[[ Supplied information open ]]

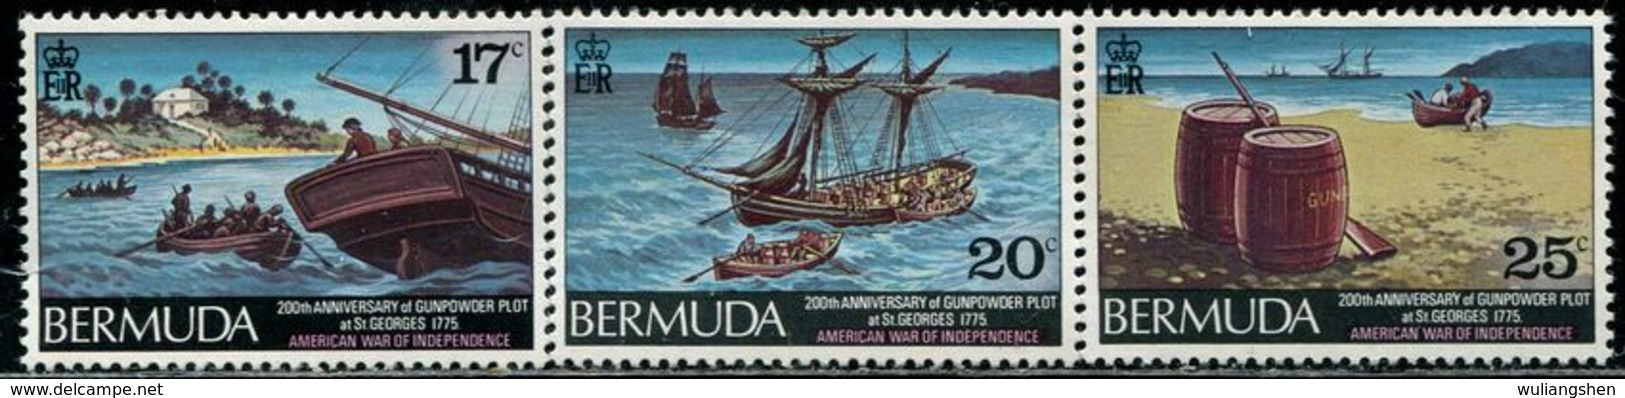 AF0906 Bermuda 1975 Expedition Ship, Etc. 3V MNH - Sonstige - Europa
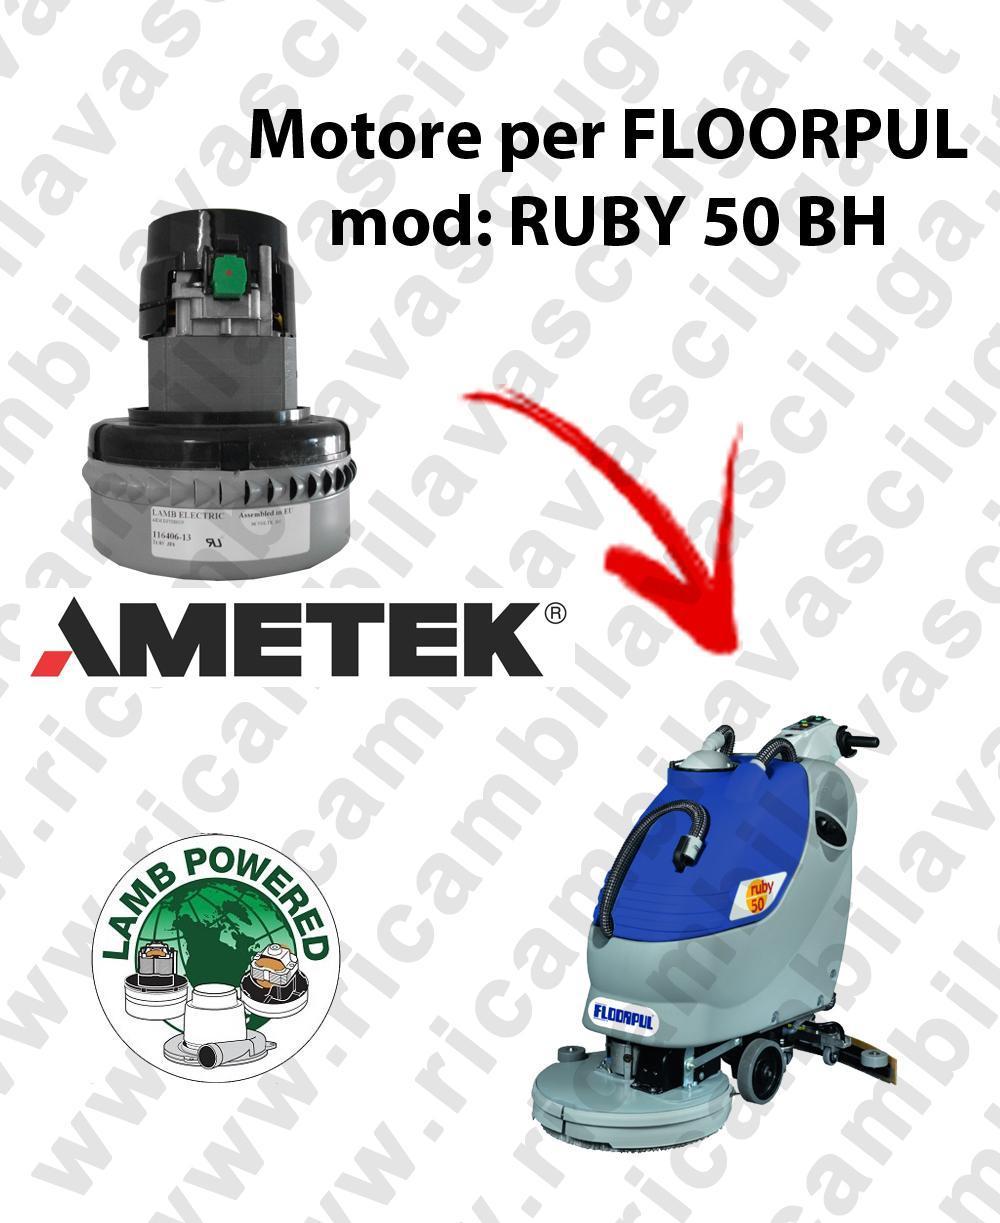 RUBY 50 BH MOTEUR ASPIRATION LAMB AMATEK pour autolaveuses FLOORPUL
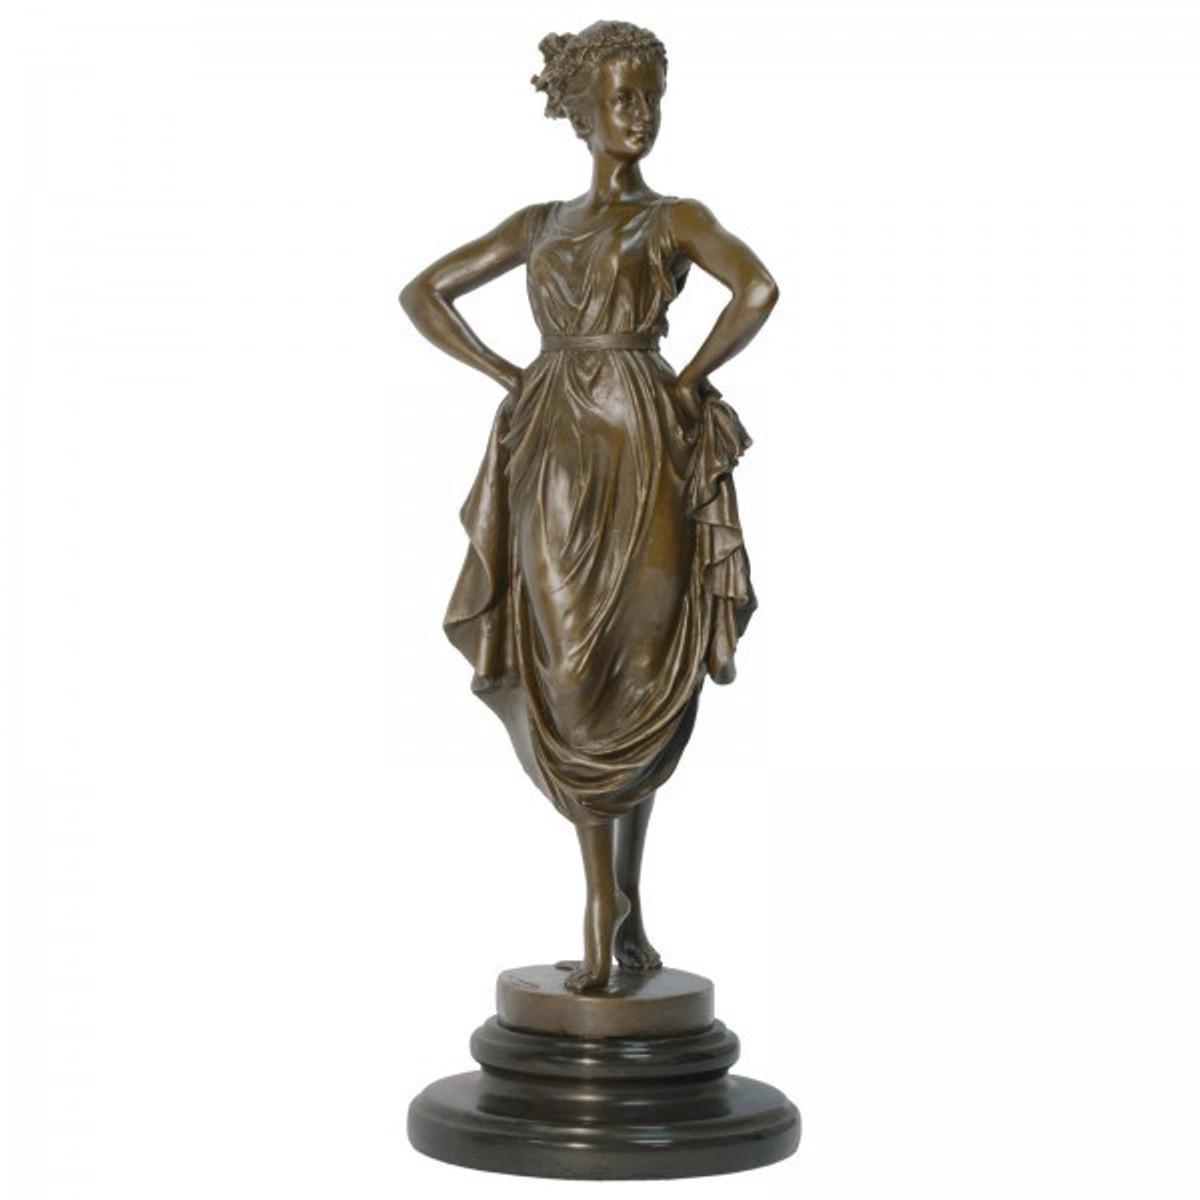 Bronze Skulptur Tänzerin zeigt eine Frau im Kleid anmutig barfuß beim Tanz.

[[ Supplied information closed ]]

▸ Task to complete
Transcribe the material exactly, keeping every word and none of the pictures.

▸ Task solution
 AF0906 Bermuda 1975 Expedition Ship, Etc. 3V MNH - Sonstige - Europa
 RUBY 50 BH MOTEUR ASPIRATION LAMB AMATEK pour autolaveuses FLOORPUL
 Bronze Skulptur Tänzerin zeigt eine Frau im Kleid anmutig barfuß beim Tanz.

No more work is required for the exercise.